**WHAT TO PRODUCE:**
The full listing, exactly as written and with no images, is the expected output.

**STORED DATA:**
╭──

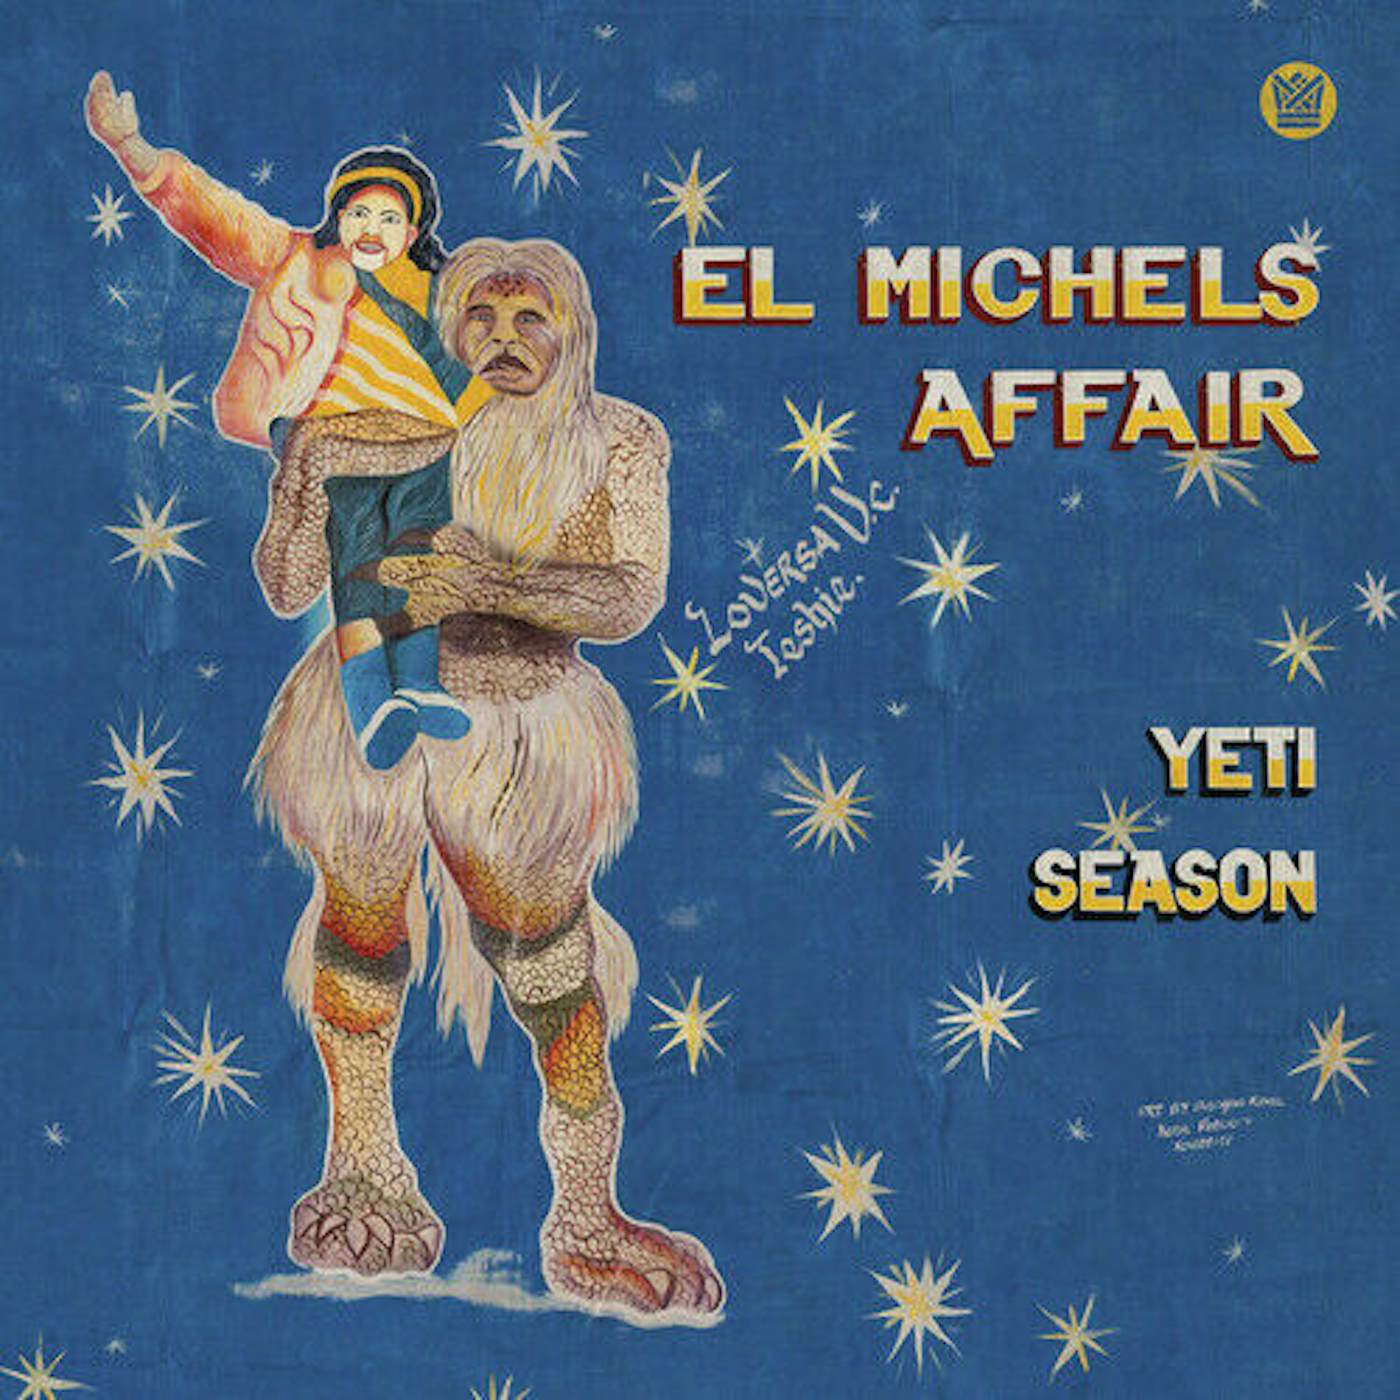 El Michels Affair YETI SEASON Vinyl Record
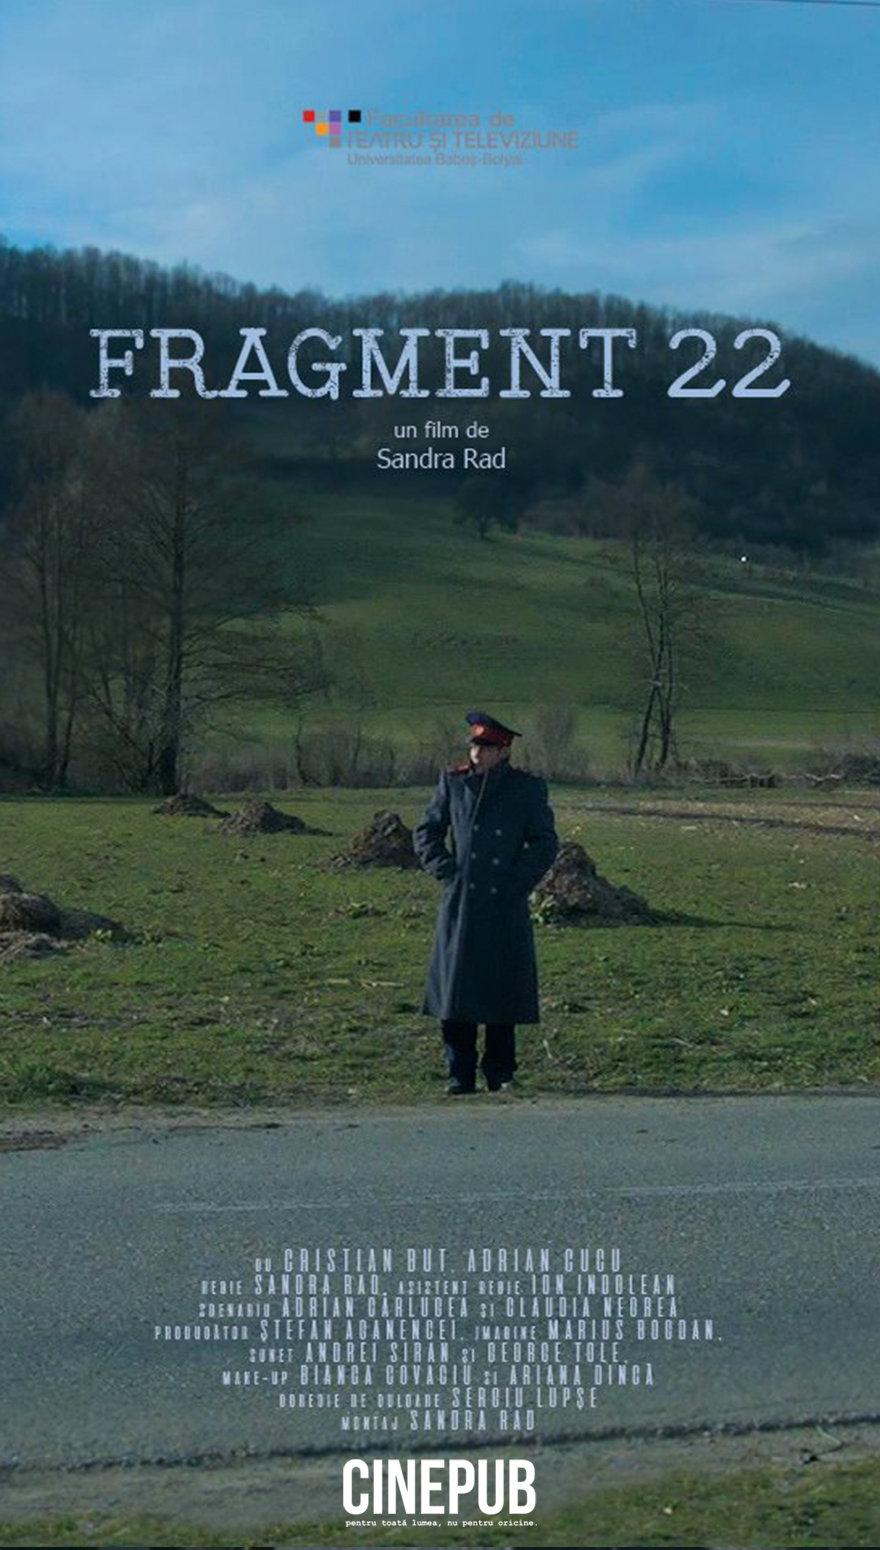 Fragment 22 - by Sandra Rad - online short film UBB on CINEPUB
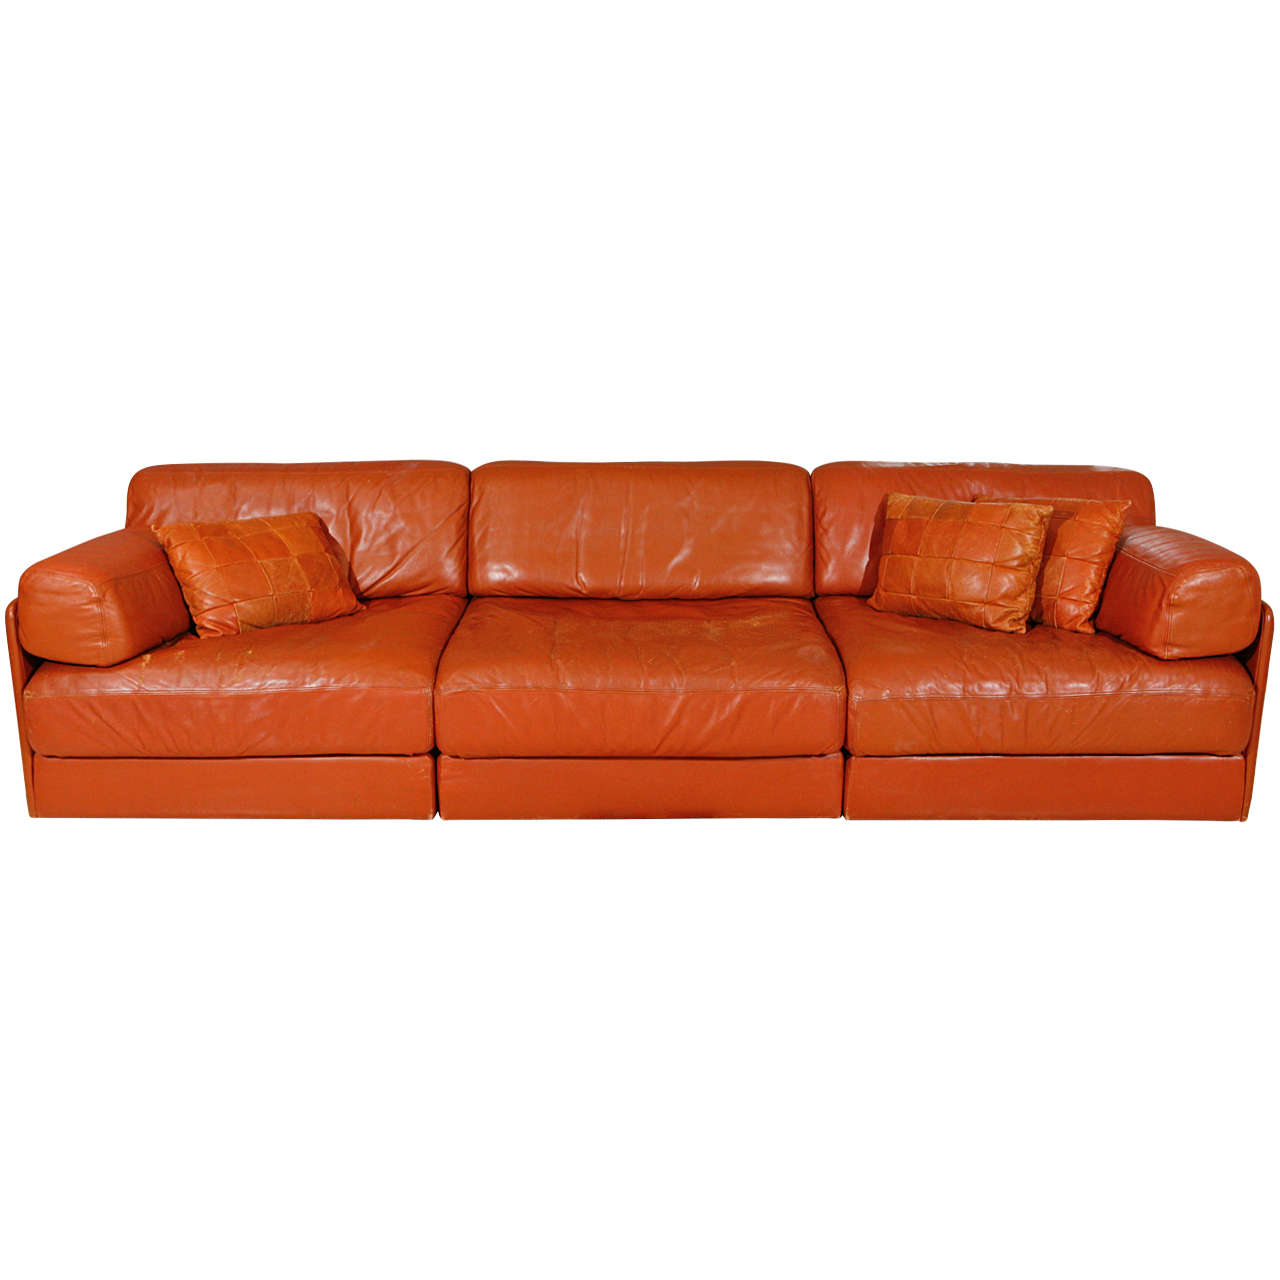 Modular Leather Sleeper Sofa by De Sede
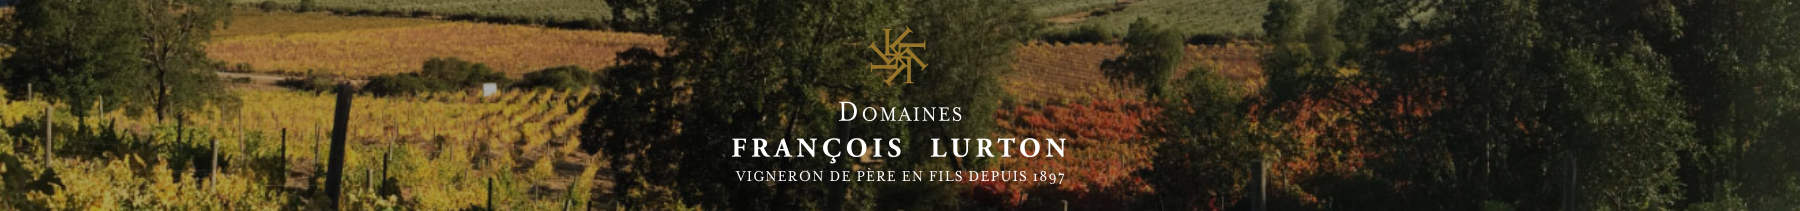 Domaines François Lurton

╰──

**OUTPUT FOR THIS EXERCISE:**
 El Michels Affair YETI SEASON Vinyl Record
 Fragment 22 - by Sandra Rad - online short film UBB on CINEPUB
 Modular Leather Sleeper Sofa by De Sede
 Domaines François Lurton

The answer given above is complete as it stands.